A study published in JAMA Network Open found that nearly half of clinicians using an ambient AI clinical documentation tool reported positive outcomes.
The tool, Dragon Ambient eXperience (DAX) Copilot from health IT vendor Nuance, leverages automatic speech recognition and natural language processing to draft electronic health record (EHR) documentation based on patient-provider conversations.
The nonrandomized clinical trial included family medicine, internal medicine, and general pediatrics clinicians from outpatient clinics in North Carolina and Georgia within Atrium Health. Those who participated received an hour of training on the AI tool.
Researchers compared the intervention group with a control group, which included clinicians encouraged to participate as controls by service line leaders and those who initially expressed interest in the AI tool but chose not to proceed after informational sessions.
A seven-question survey was sent to 230 participants before and five weeks after implementing the AI tool to evaluate its impact on their EHR experience.
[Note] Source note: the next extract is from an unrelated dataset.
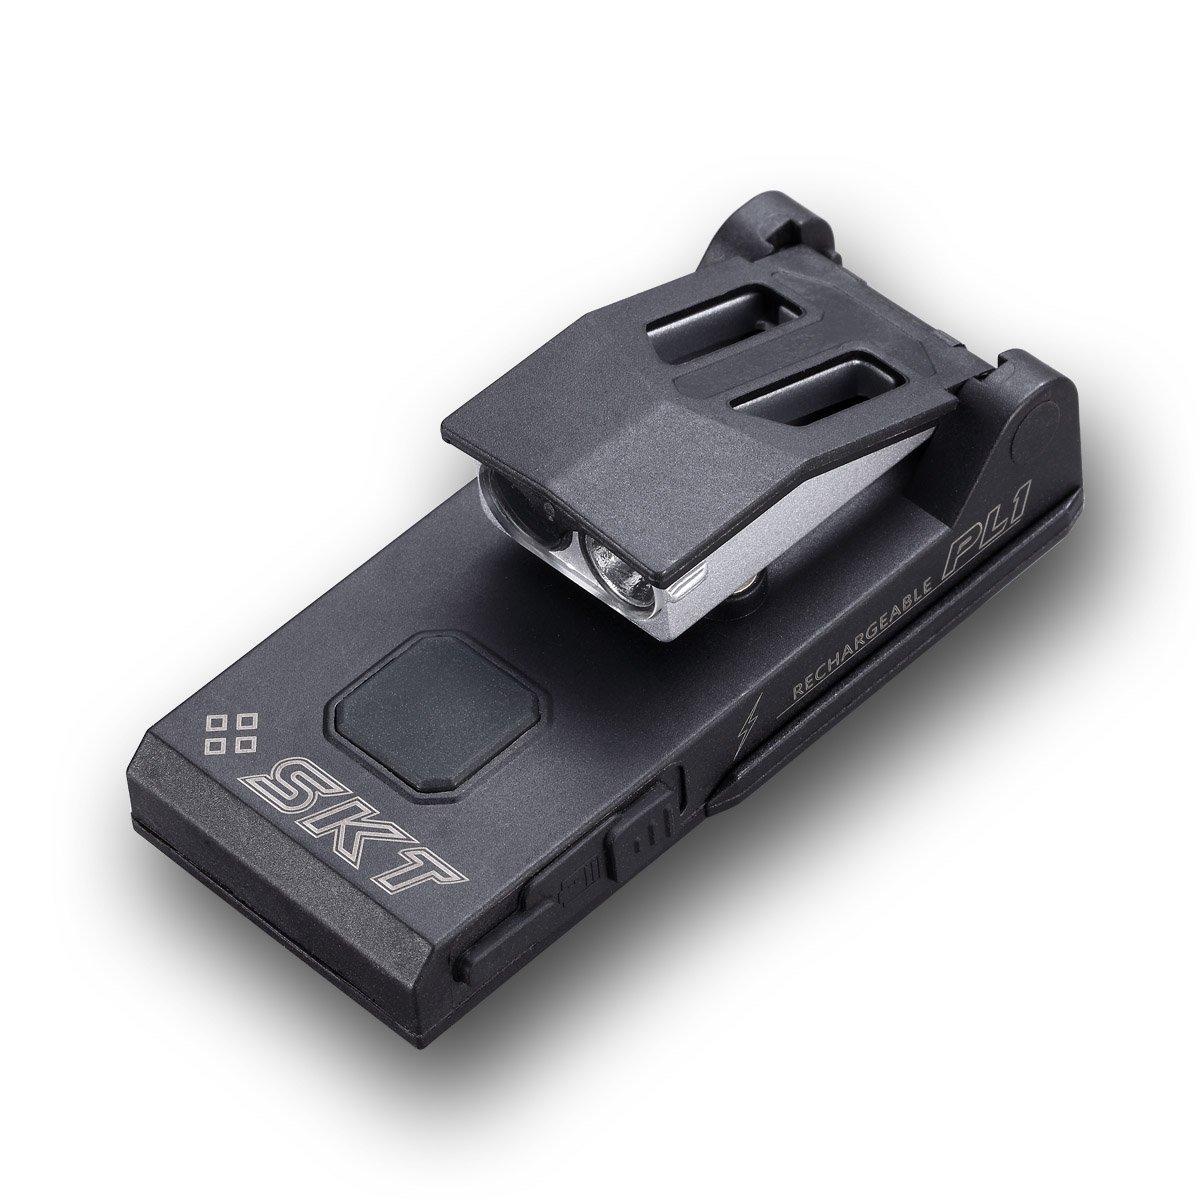 SkilHunt SKT PL1 Hands-Free Patrol Pocket Clips-on UV365nm led Police Cap Hat Shoulder Clip Money Detect USB Rechargeable Light Flashlight by SkilHunt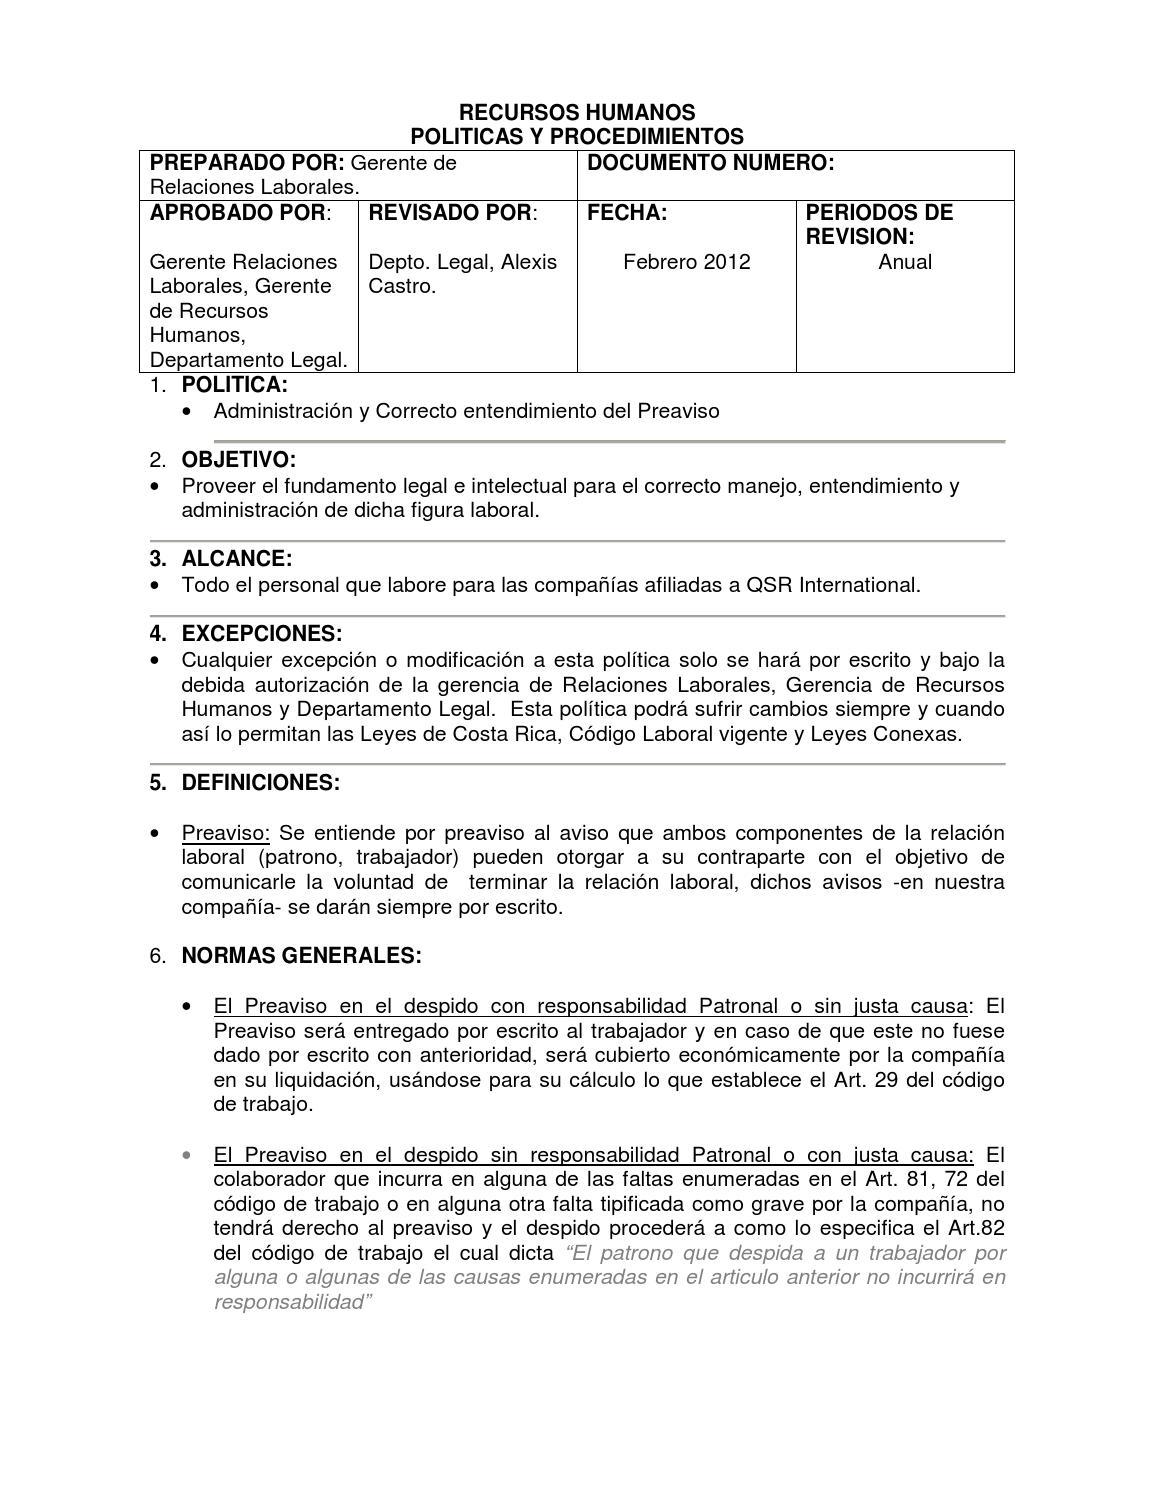 Politica preaviso by RH Intelectiva - issuu

The study showed that 47.1% of clinicians using the AI tool reported spending less time on EHR documentation at home, compared to 14.5% in the control group. Additionally, 43.5% of the AI tool users spent less time on clinical documentation post-visit, compared to 18.2% of the control group. Moreover, 44.7% of the intervention group reported reduced frustration with the EHR, compared to 14.5% of controls.
However, around 44.7% of the intervention group and 68.7% of the control group indicated their EHR experiences remained similar before and after the AI tool implementation.
The researchers acknowledged potential selection and recall biases as study limitations and called for further research to identify areas for improvement and explore the impact across different clinician groups and health systems.